The circuits which follow assume prior knowledge of the 555's basic operation. This has been covered adequately by other sources so there's no point in me repeating it. One good treatise is by Tony van Roon.
The first three circuits are applications of the 555 which are not very well known, although the first one does appear in some manufacturers' data sheets.
In Fig.1 it is used in an astable configuration which gives an automatic, and fixed, 50% duty cycle. Simply stated we are reversing the roles of pins 3 and 7. The C charges and discharges through the same R, so the charge and discharge times are the same. Note that this works excellently with the CMOS version but not too well with the bi-polar one.
You can take an output from pin 3 or 7, but a pull-up resistor at pin 7 may, or may not, be necessary depending on what you want to do with the output.
Fig.2 is a variation of Fig. 1. The C now has completely independent charge and discharge paths so the duty cycle can be set to whatever figure is desired, from much less than to much more than 50%, by suitable choice of the two timing Rs. When power is applied to this circuit the C has to initially charge from 0V to 2Vs/3, whereas subsequently it charges from Vs/3. The first output pulse of a series is therefore longer than the following ones.
Fig.3 is another astable configuration. In this variant there are two CR circuits. The one on pins 6 and 7 control the time for which the output is high. That on pin 2 controls the time for which the output is low. As they are totally independent the duty cycle can again be chosen to be any desired figure from very much less than to very much more than 50%. In this arrangement the left-hand C always charges from 0V to 2Vs/3 so the first output pulse is the same length as the subsequent ones.
This is another variation which allows adjustment of the duty cycle between 5% and 95% by means of the pot.
(A suggested answer to a forum site question.)
At switch-on, if the doors are closed (and the switches open), it will give an output for around 15 seconds, determined by the CR on pins 6 & 7. If any door is open at switch-on it won't give an output until the last door is closed. Any subsequent closings (of the last door) will produce further outputs. But note that if a door is opened before the end of the 15 seconds the output will switch off because pin 4 will be grounded.
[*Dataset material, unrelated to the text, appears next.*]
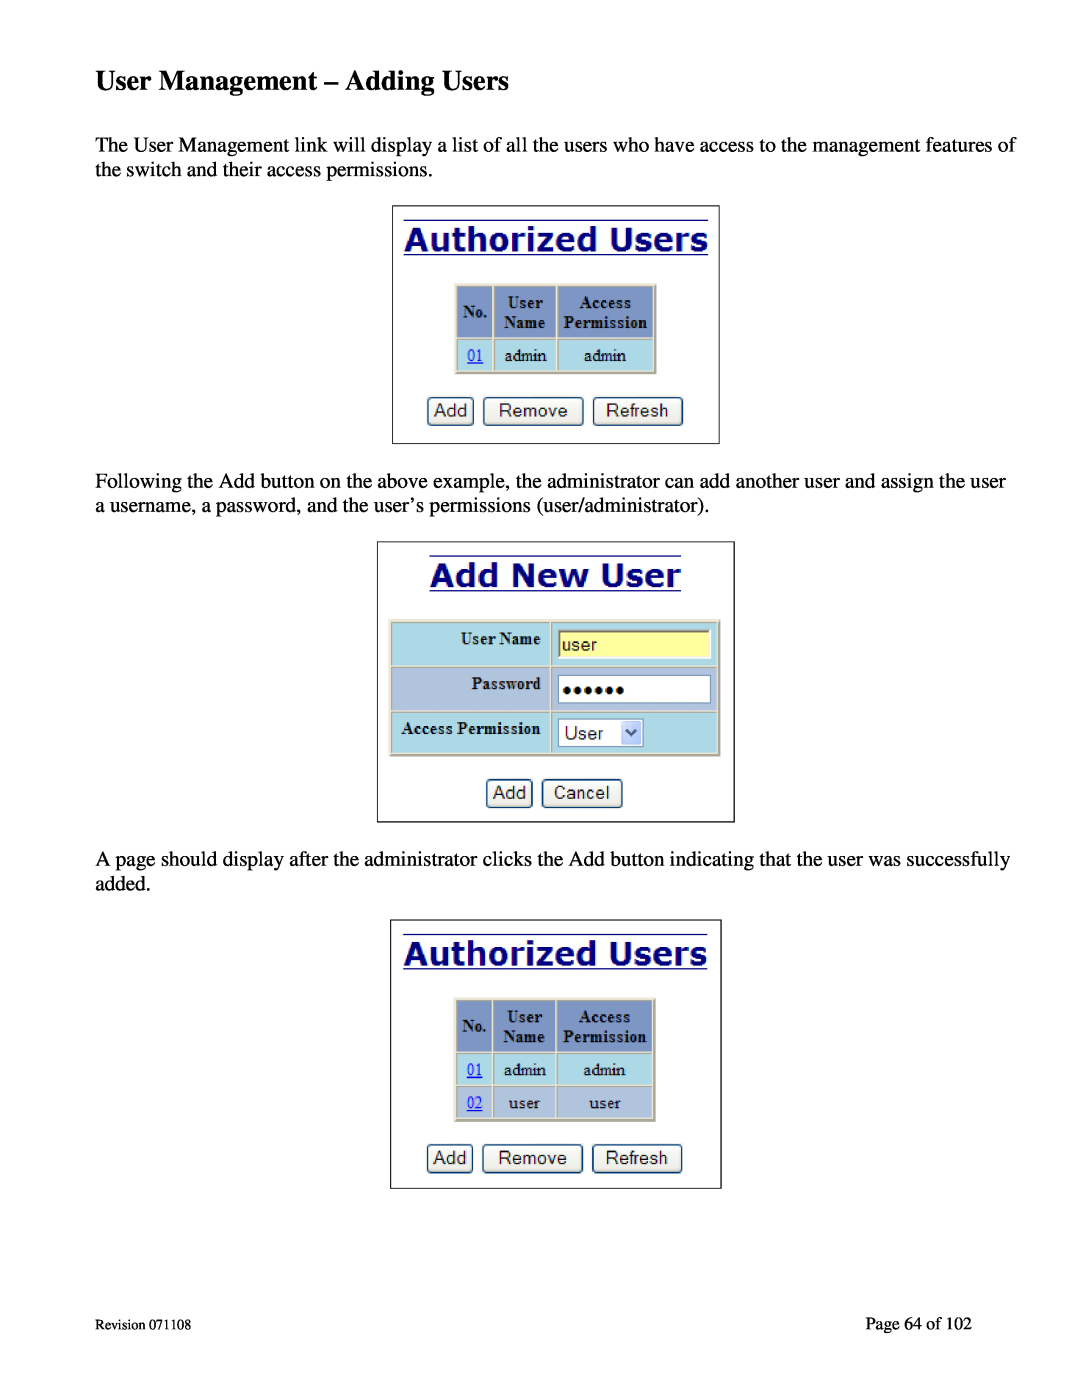 N-Tron 708M12 user manual User Management - Adding Users, Page 64 of 
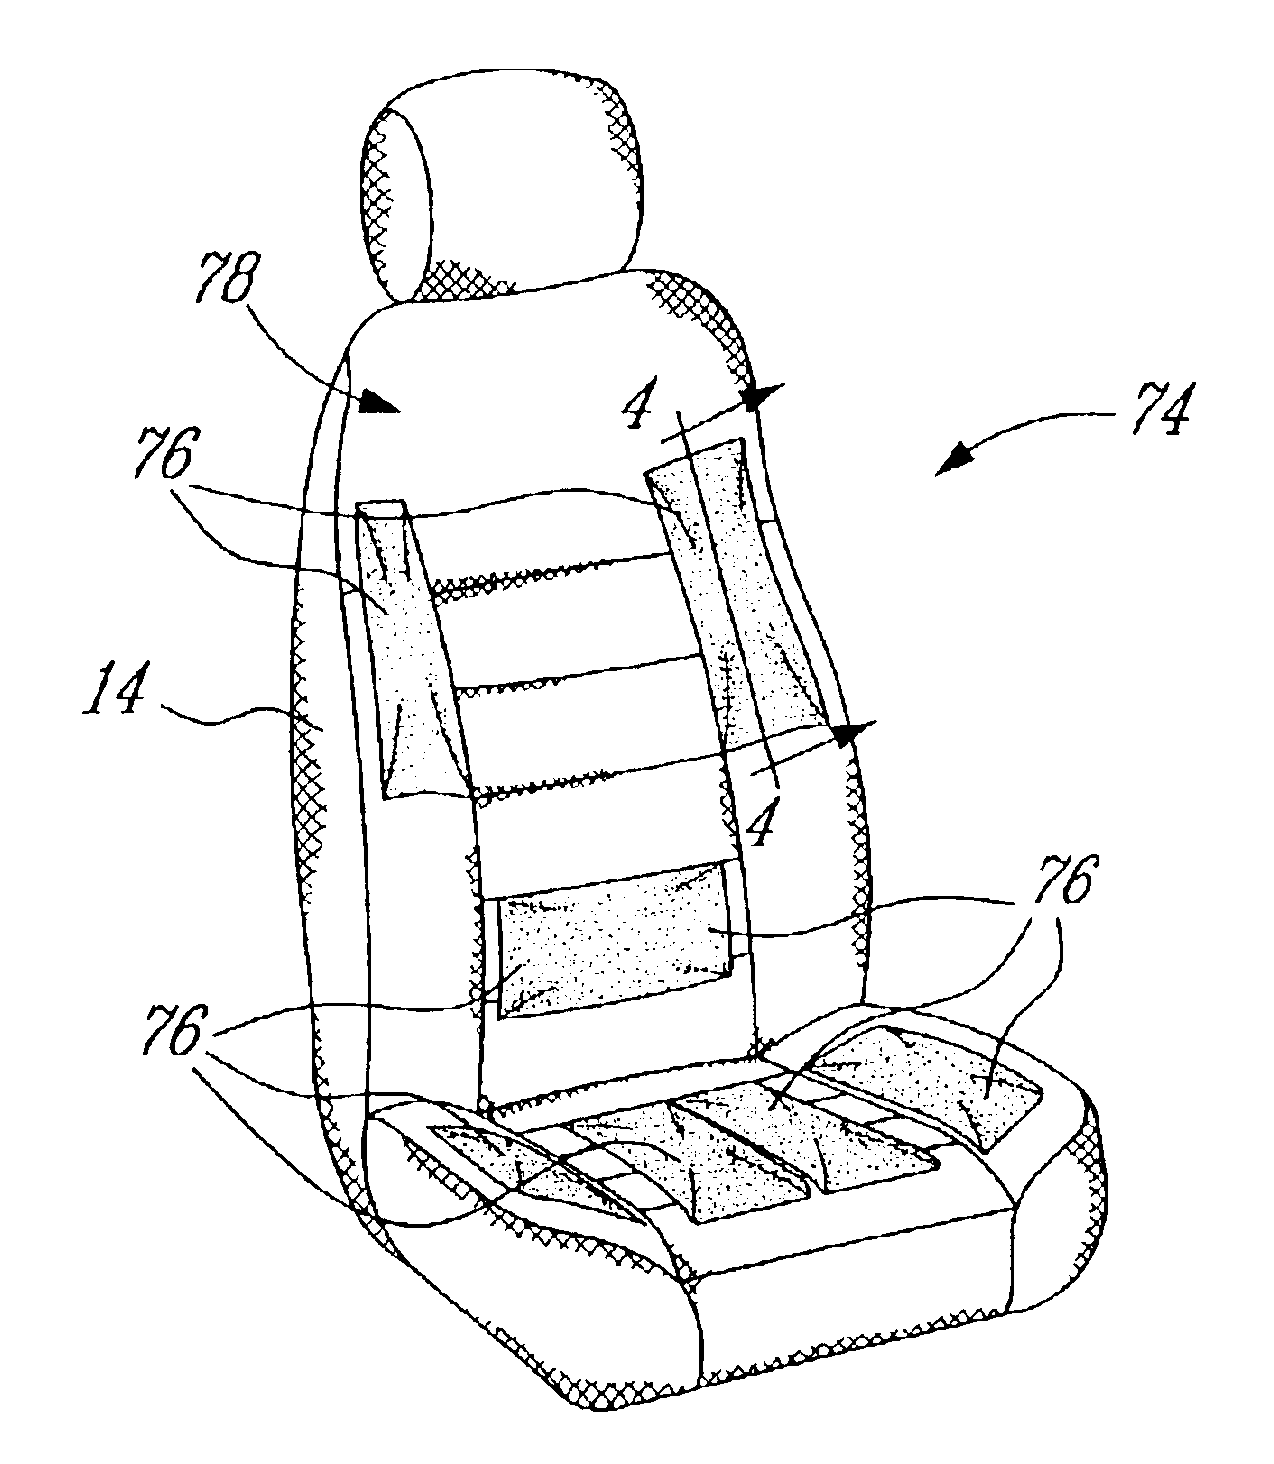 Portable air-pressure applying assembly for seats

A variation of this (below) is posted for Alex (30th May 2003) in reply to his question on ezboard projects.
With the door, and therefore switch, closed the chip is held in its reset state. when the switch opens the reset is released and the chip is triggered (because there's initially no charge on the 0.1uF so pin 2 is at 0V).
You can adjust the values of the timing C and R to give the period of your choice.
A frequently encountered problem with the monostable configuration
is that it will often produce an unwanted output when the power is applied. This can be overcome by connecting a C from pin 4 to 0V and connecting
pin 4 to the positive supply through a resistor.
This holds the chip briefly in the reset condition until the C has charged up.
This next circuit is a 5 second monostable posted here on 1st June 2003 for jeffm who asked a question on ezboard projects
The transistor on the trigger pin inverts a positive-going input to trigger the mono. The relay will be energised for 5 seconds.
If you want the relay to be normally energised but de-energised for 5 seconds wire it as shown to the right.